The captain obeyed. D’Artagnan stretched out his arm in which he held the lantern, put his head in at the half opened door, and seeing that the cabin was nothing better than a shed:

“Good,” he said. “If there is an army on board it is not here that it is hidden. Let us see what Porthos has found for supper.” And thanking the captain, he regained the state cabin, where his friends were.

Porthos had found nothing, and with him fatigue had prevailed over hunger. He had fallen asleep and was in a profound slumber when D’Artagnan returned. Athos and Aramis were beginning to close their eyes, which they half opened when their companion came in again.

“Well!” said Aramis.

“All is well; we may sleep tranquilly.”

On this assurance the two friends fell asleep; and D’Artagnan, who was very weary, bade good-night to Grimaud and laid himself down in his cloak, with naked sword at his side, in such a manner that his body barricaded the passage, and it should be impossible to enter the room without upsetting him.

71

Port Wine.

In ten minutes the masters slept; not so the servants —hungry, and more thirsty than hungry.
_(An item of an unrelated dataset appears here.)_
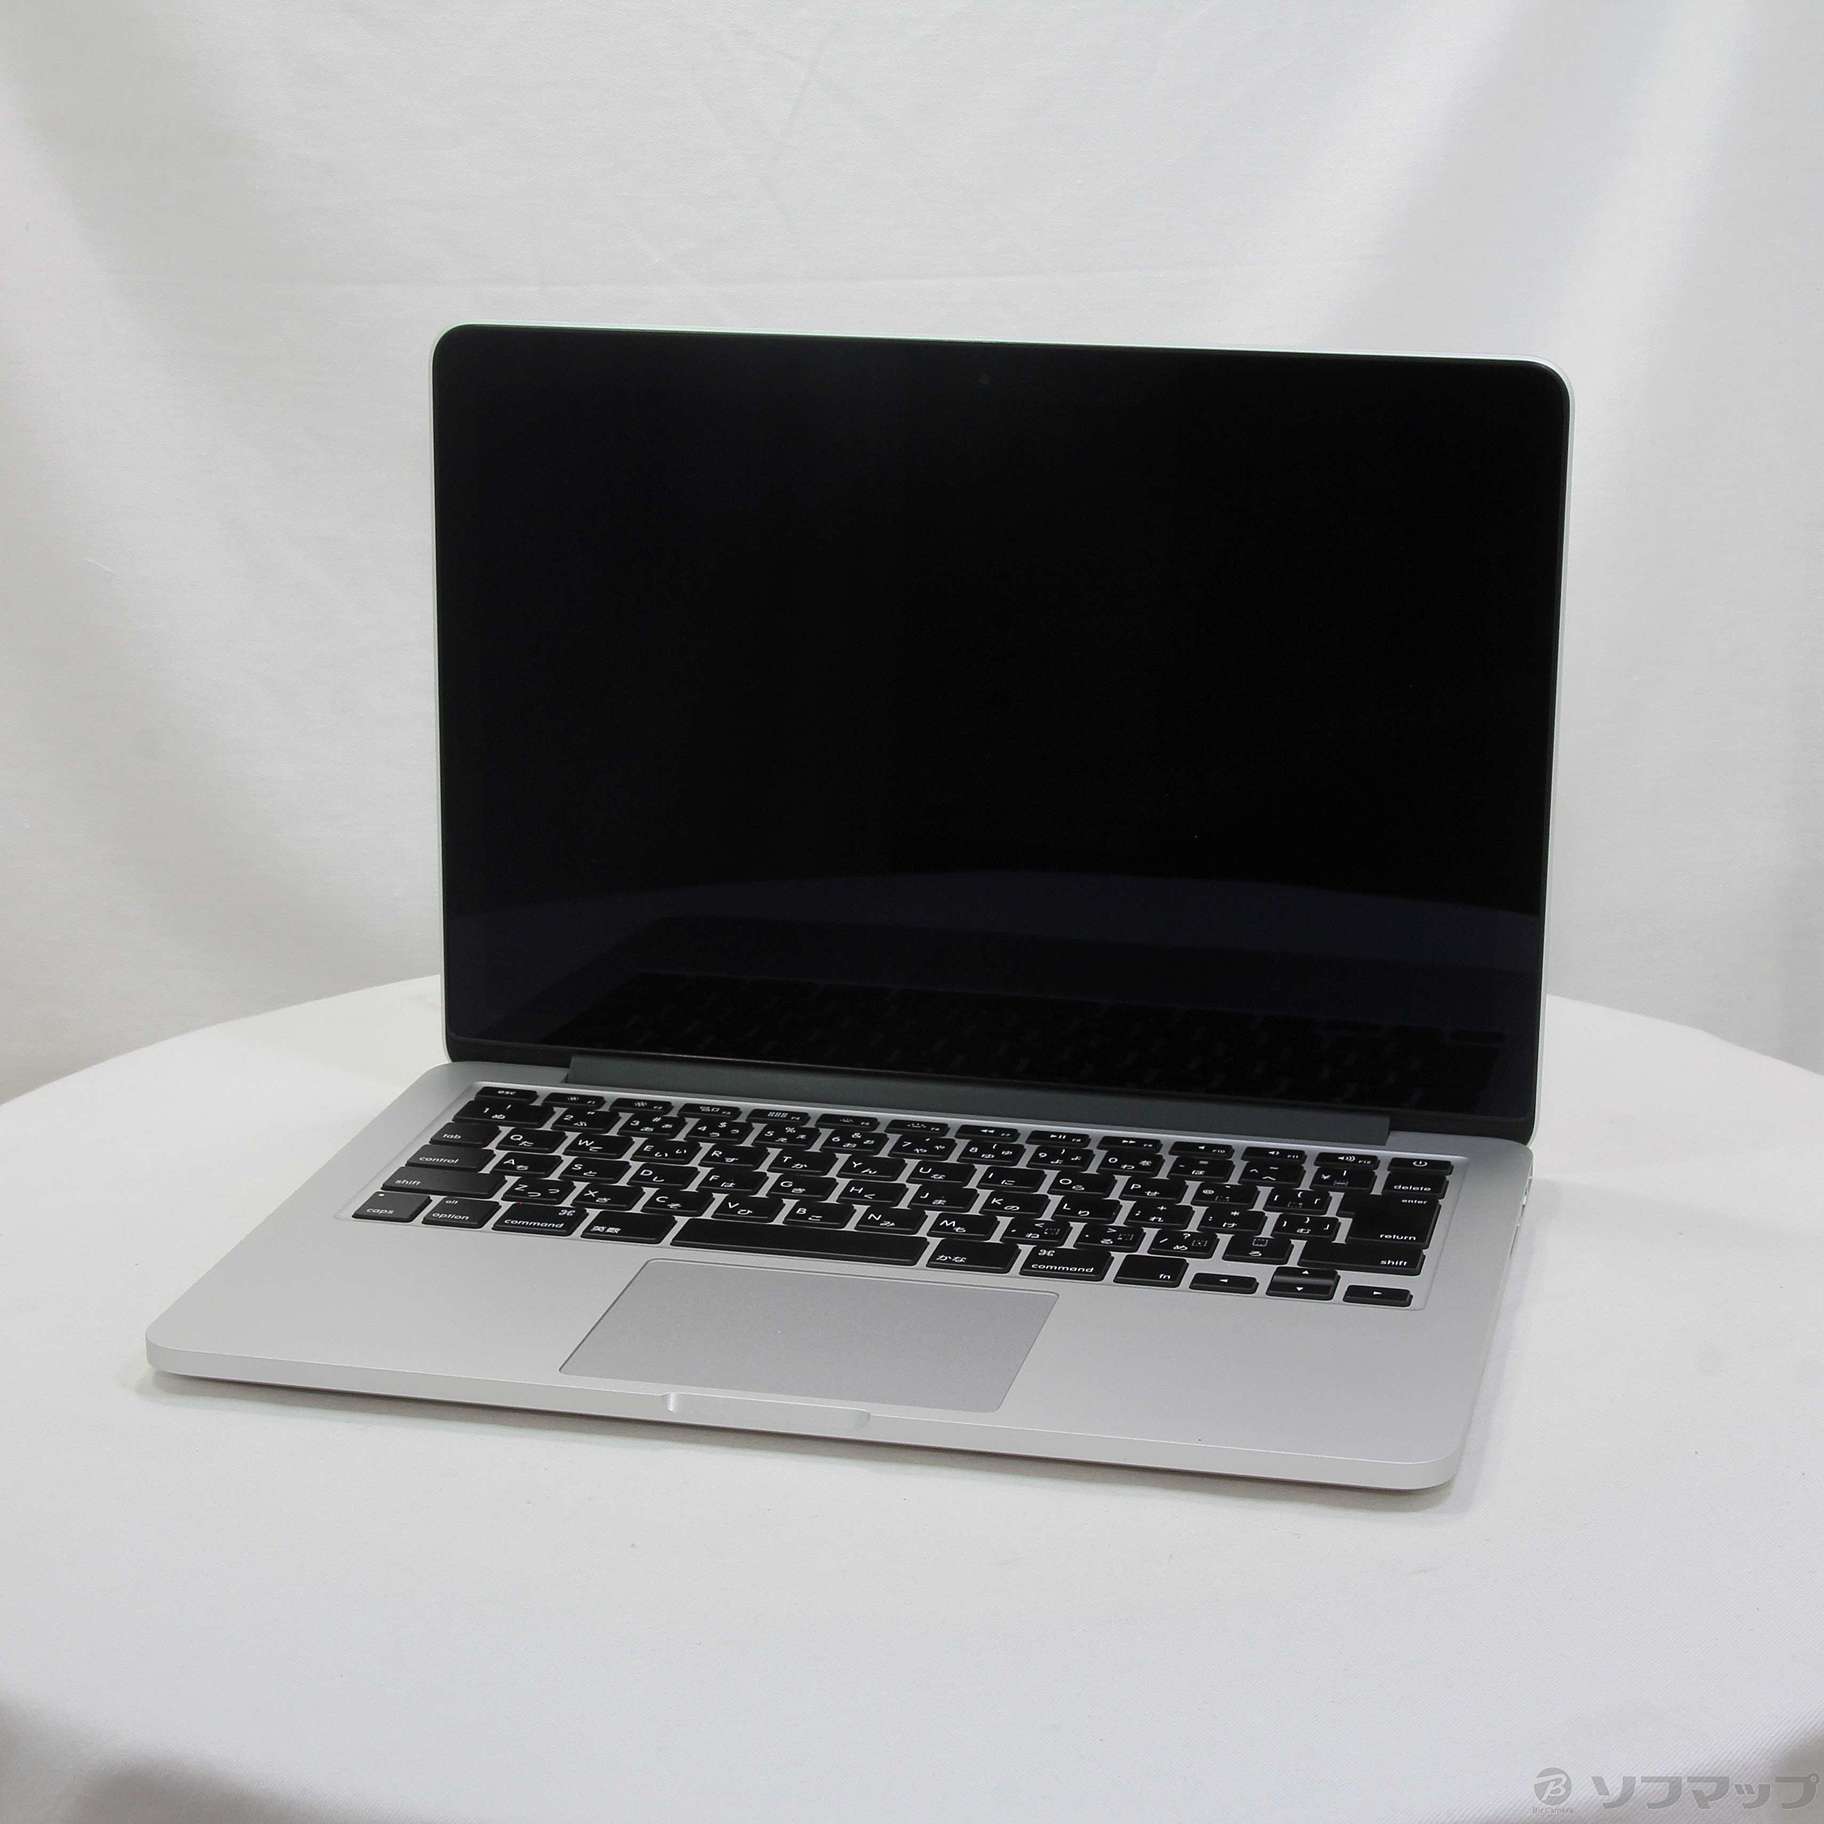 【使用回数:3】 APPLE MacBook Pro 2014 MGX82J/A

Blaisois and Mousqueton set themselves to preparing their bed which consisted of a plank and a valise. On a hanging table, which swung to and fro with the rolling of the vessel, were a pot of beer and three glasses.

“This cursed rolling!” said Blaisois. “I know it will serve me as it did when we came over.”

“And to think,” said Mousqueton, “that we have nothing to fight seasickness with but barley bread and hop beer. Pah!”

“But where is your wicker flask, Monsieur Mousqueton? Have you lost it?” asked Blaisois.

“No,” replied Mousqueton, “Parry kept it. Those devilish Scotchmen are always thirsty. And you, Grimaud,” he said to his companion, who had just come in after his round with D’Artagnan, “are you thirsty?”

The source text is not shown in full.